Nelle retrovie ci sono timidi segnali di risveglio. Terpstra, Van Avermaet, Stuyven, Vanmarcke: tutti corridori che aspettano appuntamenti di questo tipo, tutti pimpanti quando i buoi sono usciti (e da un pezzo) dalla stalla. Non c’è accordo tra gli inseguitori, solo parecchio sgomento e la volontà di mettere una toppa su una ferita da granata. Sagan è andato via, lo rivedranno al traguardo.
Succede, è già successo, ma sta per succedere di nuovo. Bisogna risalire al 1981, Bernard Hinault in maglia iridata trionfa alla Parigi-Roubaix, poco dopo definirà la corsa “une connerie” che, per i meno pratici con la lingua di Dumas, non è una bella parola. Nel 2018 l’Iride Mondiale torna a splendere sulle pietre dell’Inferno. Entrano in due nel Velodromo, Dillier in testa Sagan a ruota.
Lo slovacco è una maschera di cera. Non lascia per un secondo la ruota del campione di Svizzera, rimane focalizzato sull’obiettivo, non forza lo sprint, lo aspetta, lo accoglie.

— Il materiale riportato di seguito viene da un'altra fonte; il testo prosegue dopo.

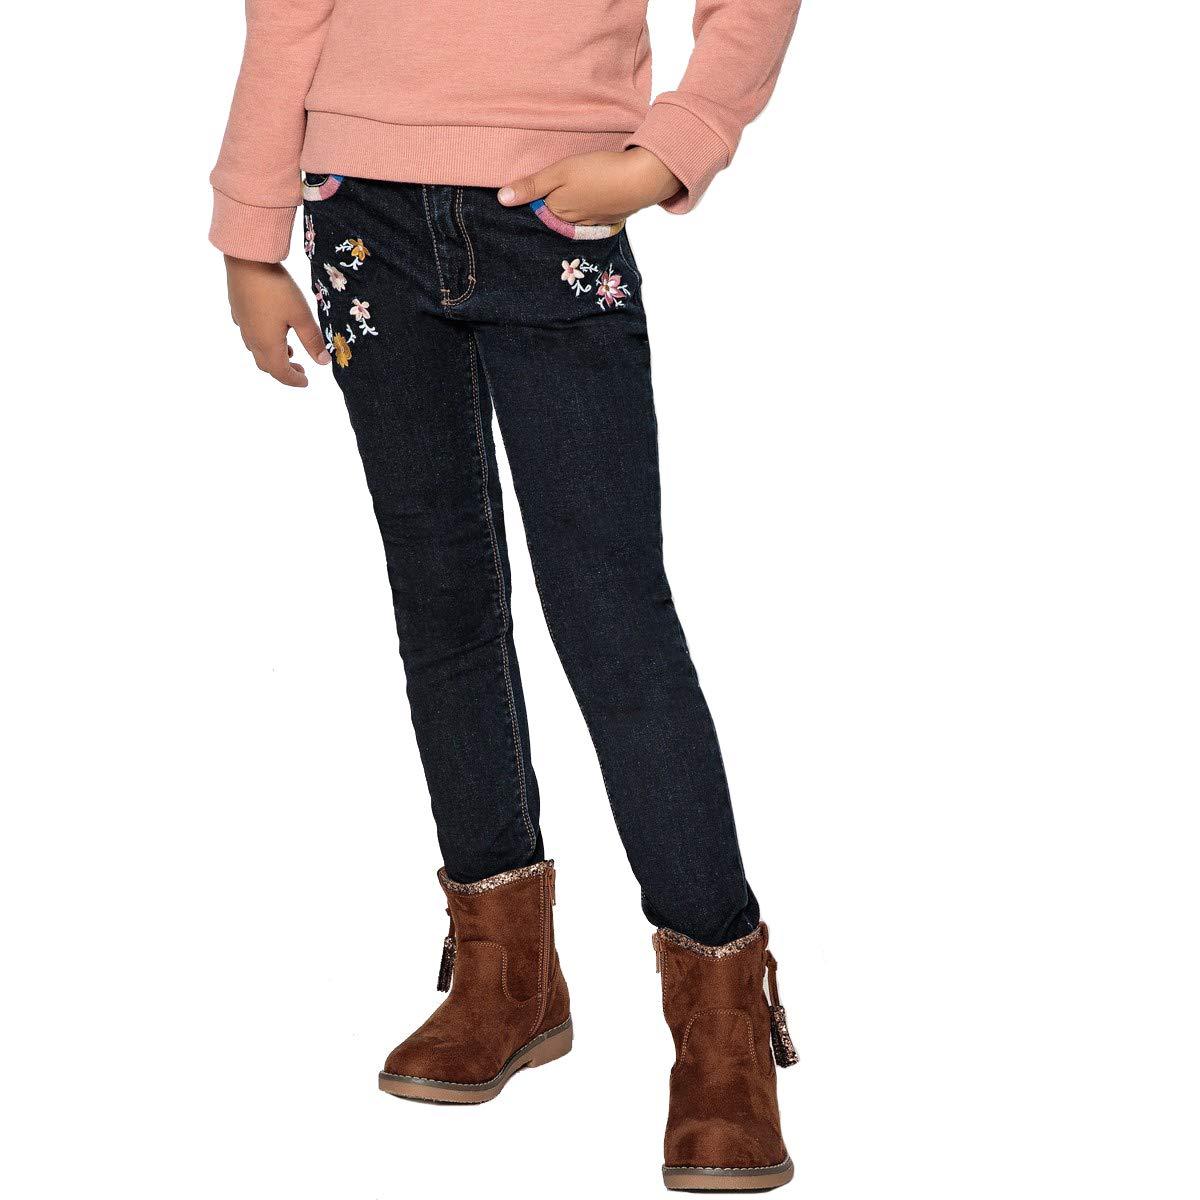 La Redoute Collections Bambina Jeans Skinny Ricamato 3 12 Anni 350114081

Si divora il ciclista dell’AG2R per poi esplodere in un urlo liberatorio. Ancora qualche metro per inerzia poi allunga la mano verso il secondo classificato, la vera sorpresa di questa edizione della Parigi-Roubaix. Zero recriminazioni per Dillier; semplicemente succede, è successo, e succederà di nuovo. Con i campioni va così.